Supplied data:

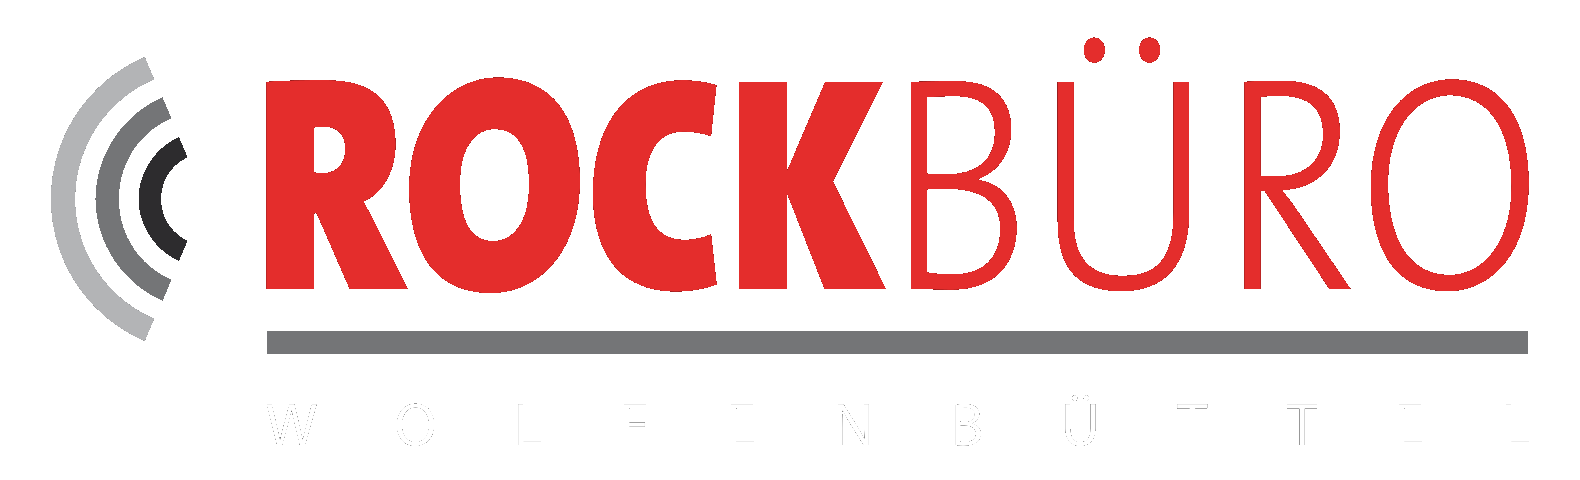 RB logo schrift weiss
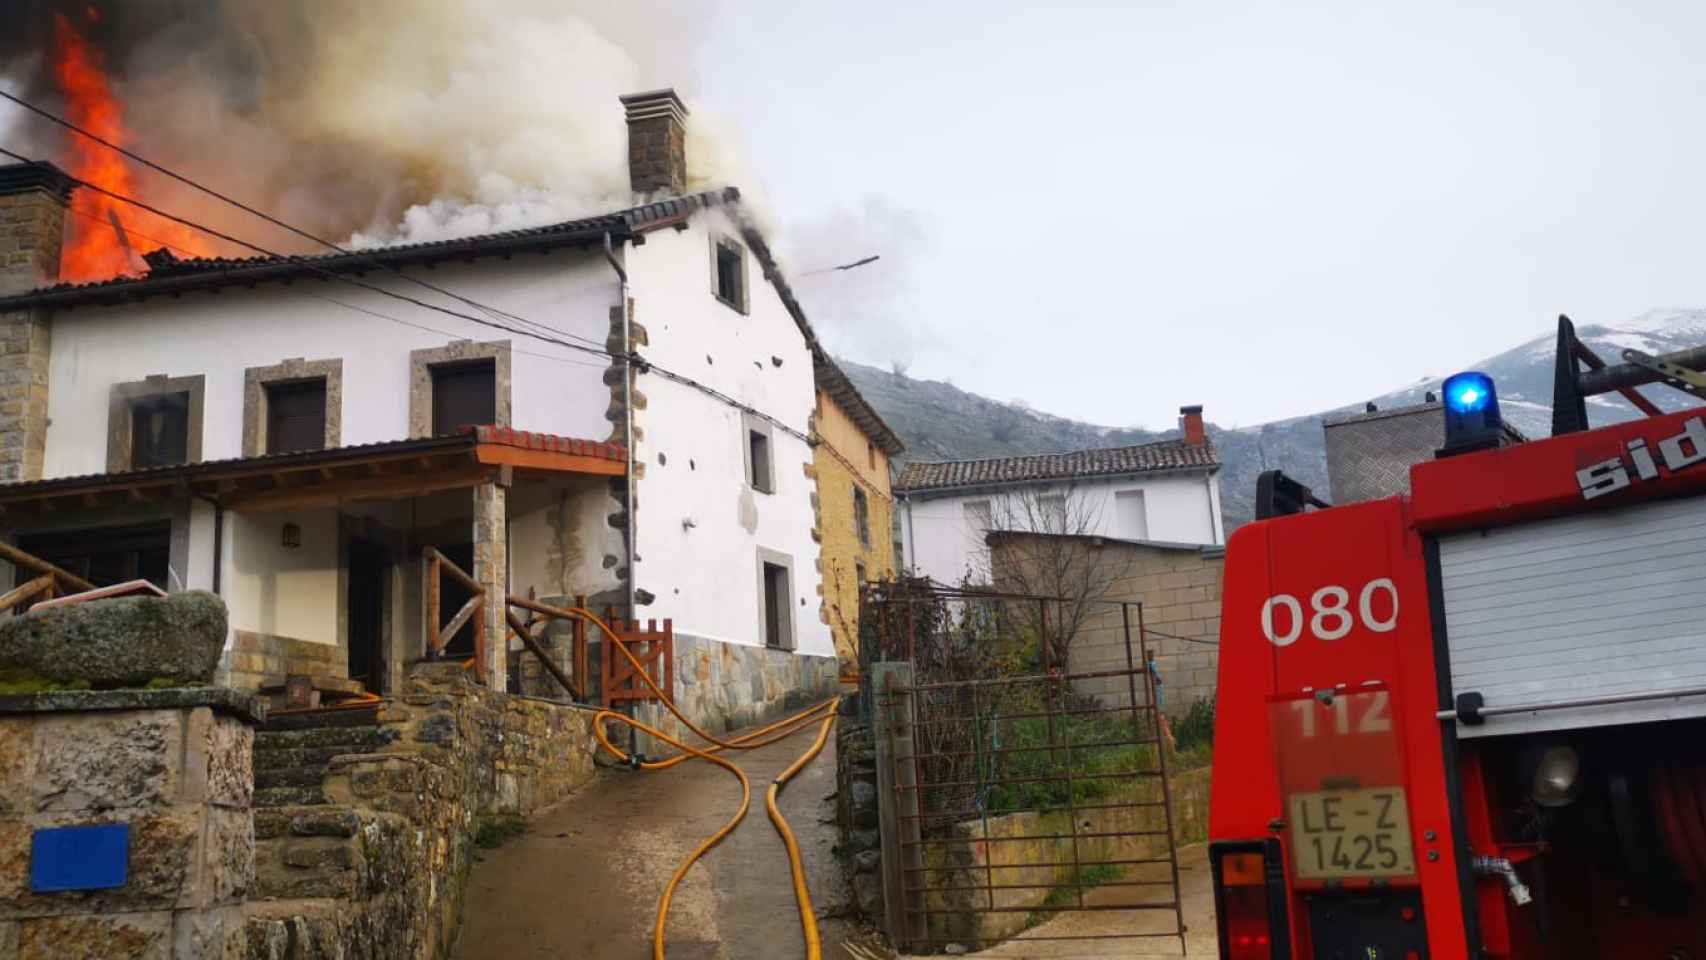 Los bomberos sofocando las llamas de una vivienda en un pueblo de León
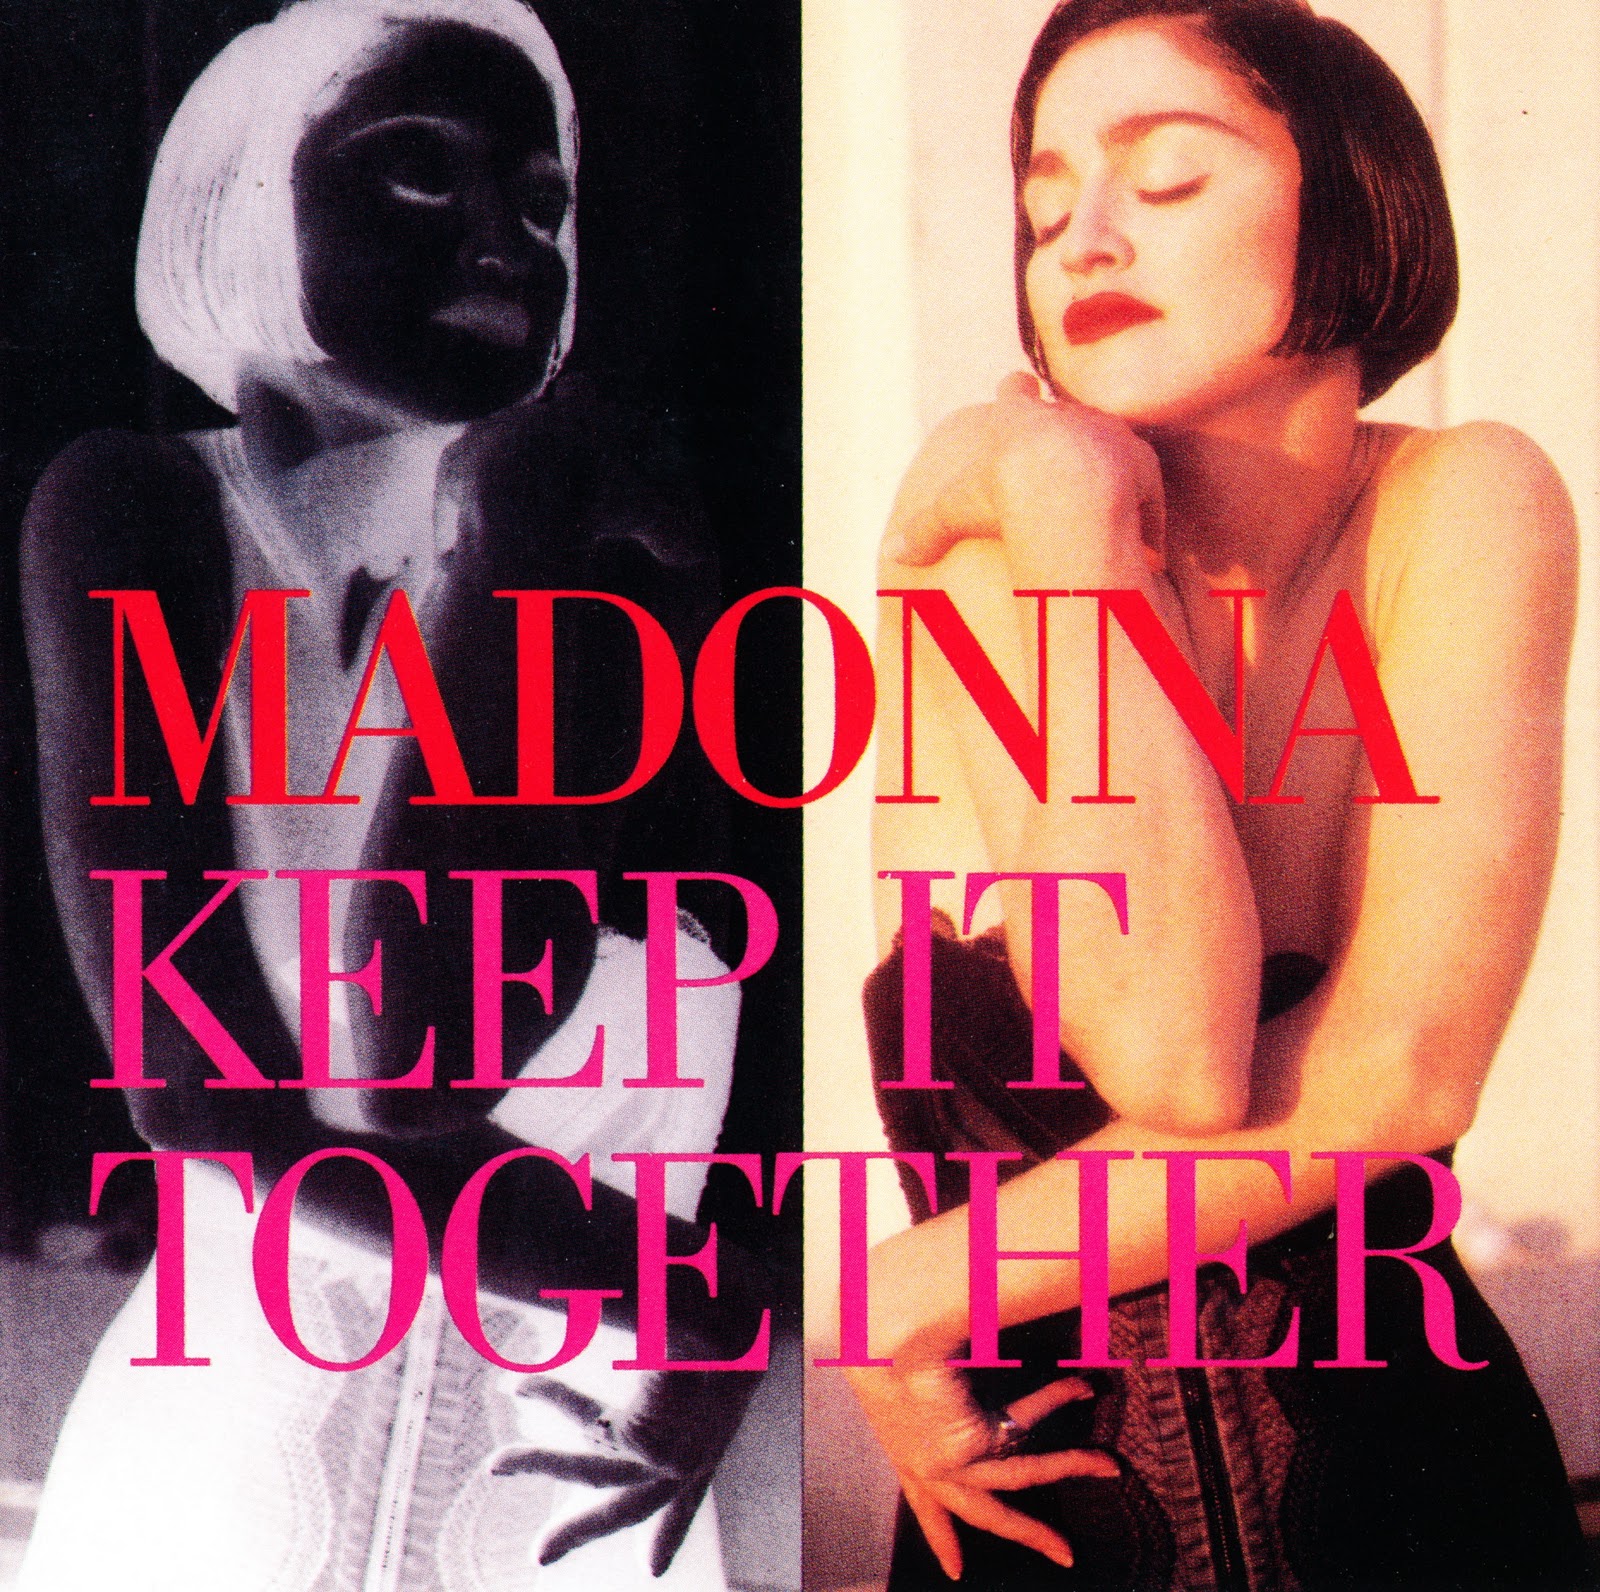 http://2.bp.blogspot.com/-ozrGKAgm9XM/ToN6_TzLJBI/AAAAAAAACdw/T5_0x_35GKI/s1600/Madonna+Keep+FR.jpg

What the task requires:
The listing above is to be retyped word for word, with the pictures omitted.

Result of this task:
 RB logo schrift weiss
 Los bomberos sofocando las llamas de una vivienda en un pueblo de León
 http://2.bp.blogspot.com/-ozrGKAgm9XM/ToN6_TzLJBI/AAAAAAAACdw/T5_0x_35GKI/s1600/Madonna+Keep+FR.jpg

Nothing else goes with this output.